Haba Family Group

Insolvenzverfahren in Eigenregie kann abgeschlossen werden

Die in Schieflage geratene Haba Family Group kann optimistisch nach vorn schauen. Wie die “Wirtschafts Woche” berichtet, kann das Insolvenzverfahren in Eigenverwaltung (moebelkultur.de berichtete) nach der jetzt erfolgten Zustimmung der Gläubigerversammlung

Foto: Haba Family Group

Die in Schieflage geratene Haba Family Group kann optimistisch nach vorn schauen. Wie die “Wirtschafts Woche” berichtet, kann das Insolvenzverfahren in Eigenverwaltung (moebelkultur.de berichtete) nach der jetzt erfolgten Zustimmung der Gläubigerversammlung Ende Februar abgeschlossen werden. 

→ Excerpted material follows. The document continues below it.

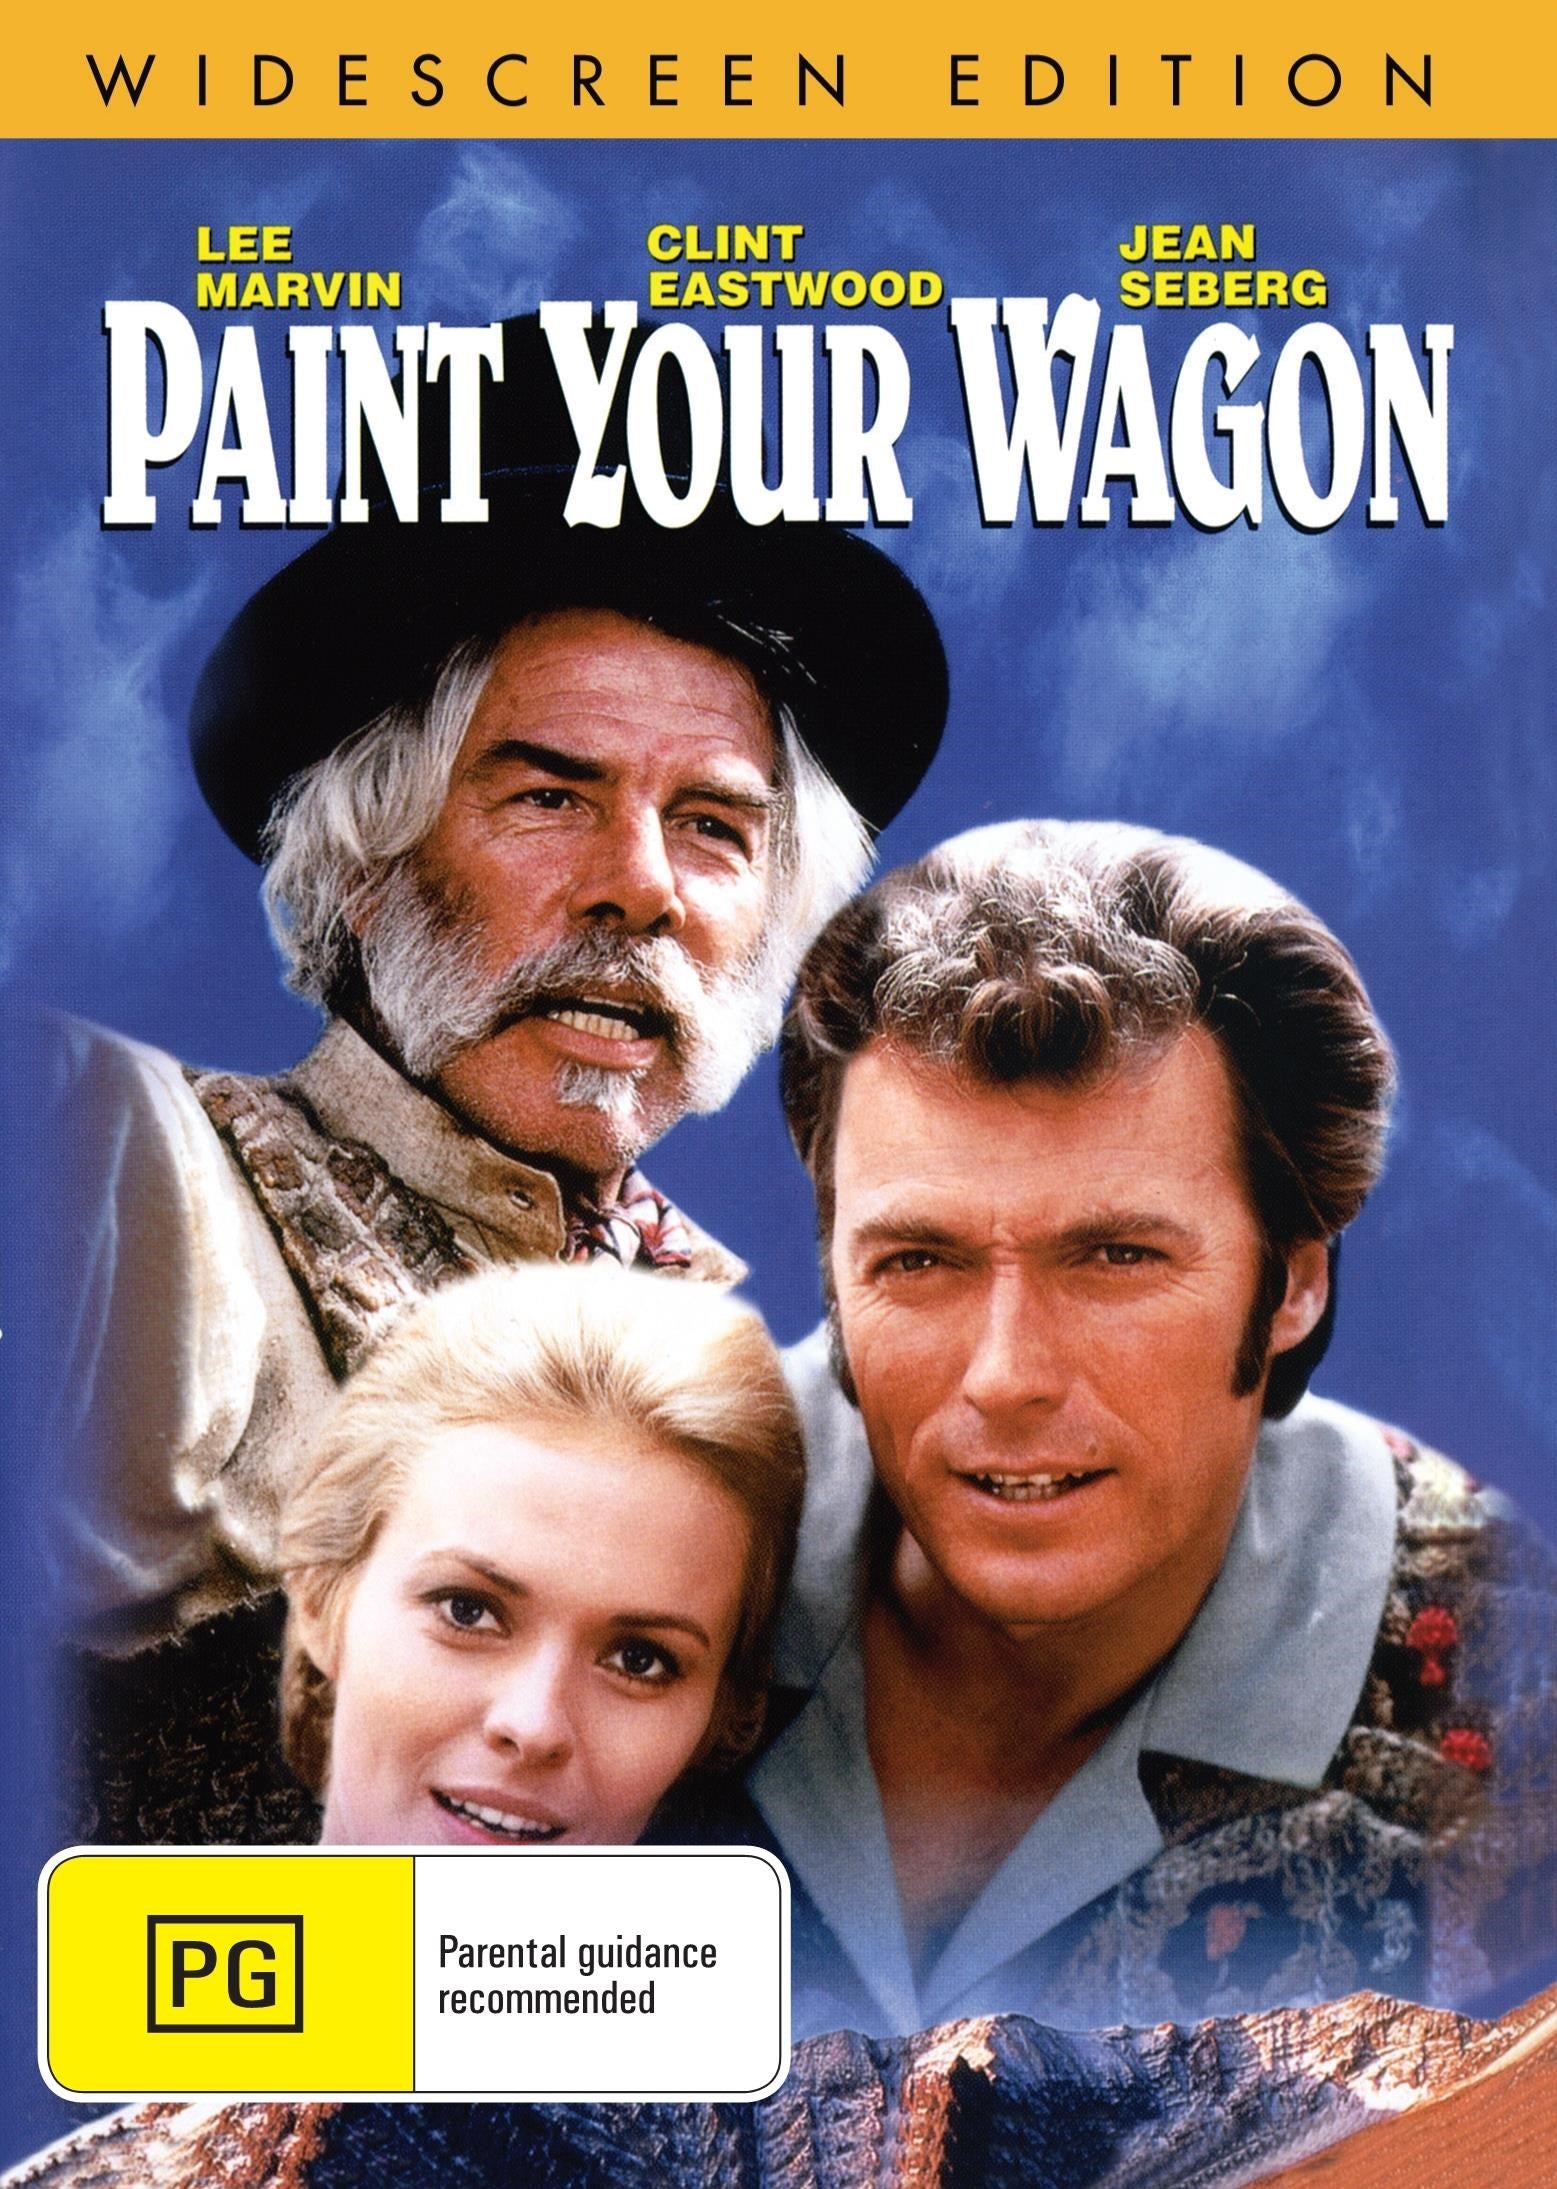 Paint Your Wagon rareandcollectibledvds
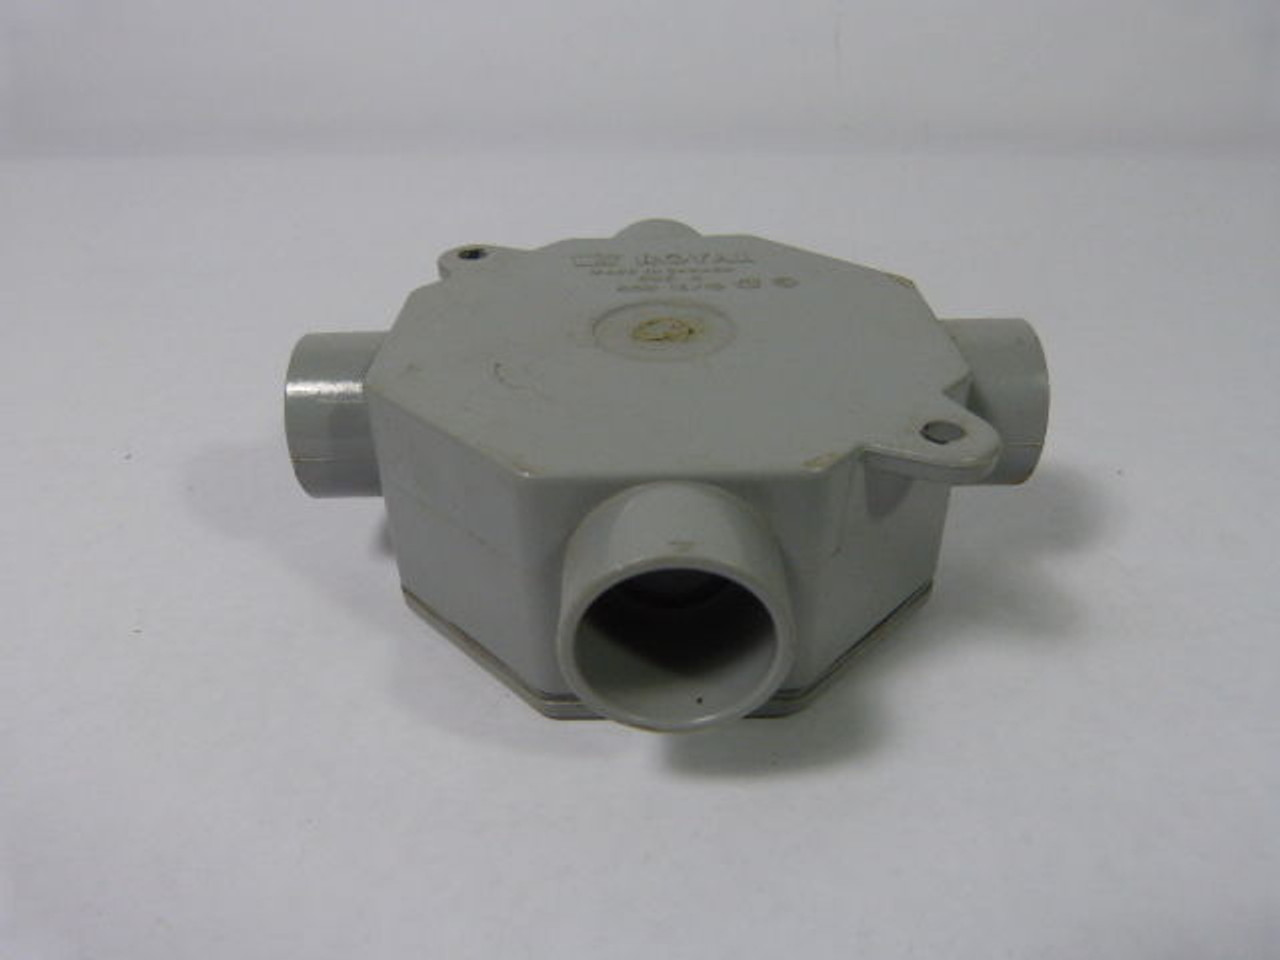 Royal ROB 15/10 Conduit Cover USED

Im Rahmen seiner Sanierung hatte das Unternehmen eine Neuausrichtung sowie die Streichung von rund 500 Arbeitsplätzen angekündigt. Zum 1. Januar 2024 verkaufte es seinen Möbelproduktionsstandort in Eisleben an den Investor der Mansfeld Anlagenbau und Umwelttechnik AG.Mit 70 Mitarbeiter:innen übernahm er zudem mehr als drei Viertel aller dortigen Beschäftigten.

Künftig will sich die Haba Family Group auf hochwertige Spiele und Spielwaren zur Entwicklungsförderung konzentrieren. Durch den Abschluss des Insolvenzverfahrens hofft der Hersteller, wieder Aufträge von Kommunen zu erhalten. Denn diese sollen mit insolventen Firmen keine Aufträge abschließen. Die Zusammenarbeit mit Kommunen macht bei der Haba Family Group einen Großteil des Umsatzes aus.